JMX latency metrics (e.g. o.a.c.metrics:type=ColumnFamily,keyspace={keyspace},scope={table},name=ReadLatency) present in previous versions of Cassandra are missing in 3.7. They now use type=Table (e.g. o.a.c.metrics:type=Table,keyspace={keyspace},scope={table},name=ReadLatency).
Description
Details
Status | Subtype | Assigned | Task | ||
---|---|---|---|---|---|
Resolved | Eevans | T160570 Cassandra 3.x Tracking | |||
Resolved | Eevans | T163936 Latency metrics missing |
Event Timeline
Created https://github.com/wikimedia/cassandra-metrics-collector/pull/19 (and merged)

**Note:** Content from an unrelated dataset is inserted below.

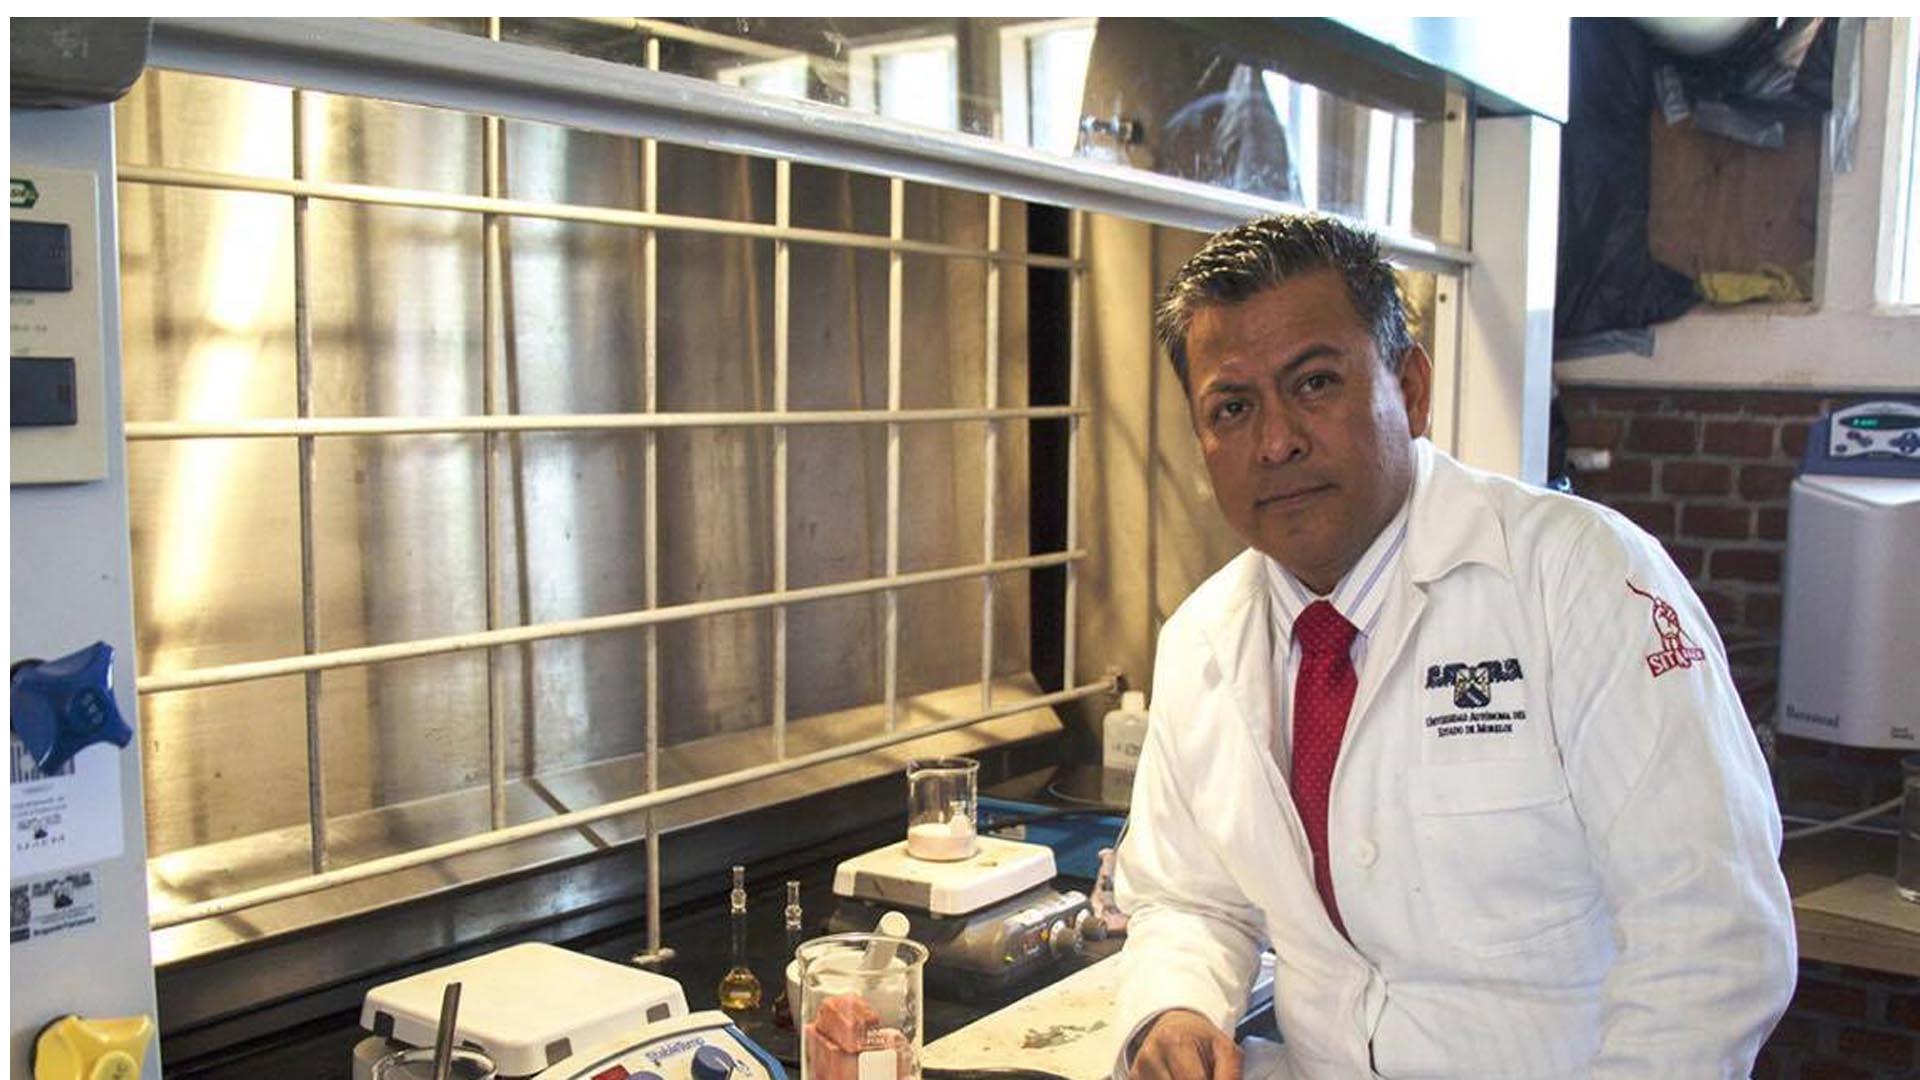 El director de la investigación Robles Casolco explico que el proceso es drenar los líquidos del bebe mientras se encuentra en proceso de gestación

Change 350485 had a related patch set uploaded (by Eevans; owner: Eevans):
[operations/puppet@production] Blacklist type=Table metrics
Change 350503 had a related patch set uploaded (by Eevans; owner: Eevans):
[operations/software/cassandra-metrics-collector@master] Update collector version to 3.1.4
Change 350485 merged by Filippo Giunchedi:
[operations/puppet@production] Blacklist type=Table metrics
Mentioned in SAL (#wikimedia-operations) [2017-04-27T18:21:56Z] <urandom> T163936: restarting cassandra-metrics-collector, restbase staging
Mentioned in SAL (#wikimedia-operations) [2017-04-27T18:23:43Z] <urandom> T163936: restarting cassandra-metrics-collector, restbase production
Change 350632 had a related patch set uploaded (by Eevans; owner: Eevans):
[operations/puppet@production] Link-in upgraded cassandra-metrics-collector jar
Change 350503 merged by Eevans:
[operations/software/cassandra-metrics-collector@master] Update collector version to 3.1.4
Change 350632 merged by Elukey:
[operations/puppet@production] Link-in upgraded cassandra-metrics-collector jar
Mentioned in SAL (#wikimedia-operations) [2017-04-28T13:44:21Z] <urandom> T163936: forcing puppet run on restbase1007
Mentioned in SAL (#wikimedia-operations) [2017-04-28T13:46:19Z] <urandom> T163936: restarting cassandra-metrics-collector on restbase1007
Mentioned in SAL (#wikimedia-operations) [2017-04-28T13:56:14Z] <urandom> T163936: restarting cassandra-metrics-collector, restbase production
Mentioned in SAL (#wikimedia-operations) [2017-04-28T18:14:02Z] <urandom> T163936: disabling puppet on restbase-dev1001 (t-shooting c-m-c)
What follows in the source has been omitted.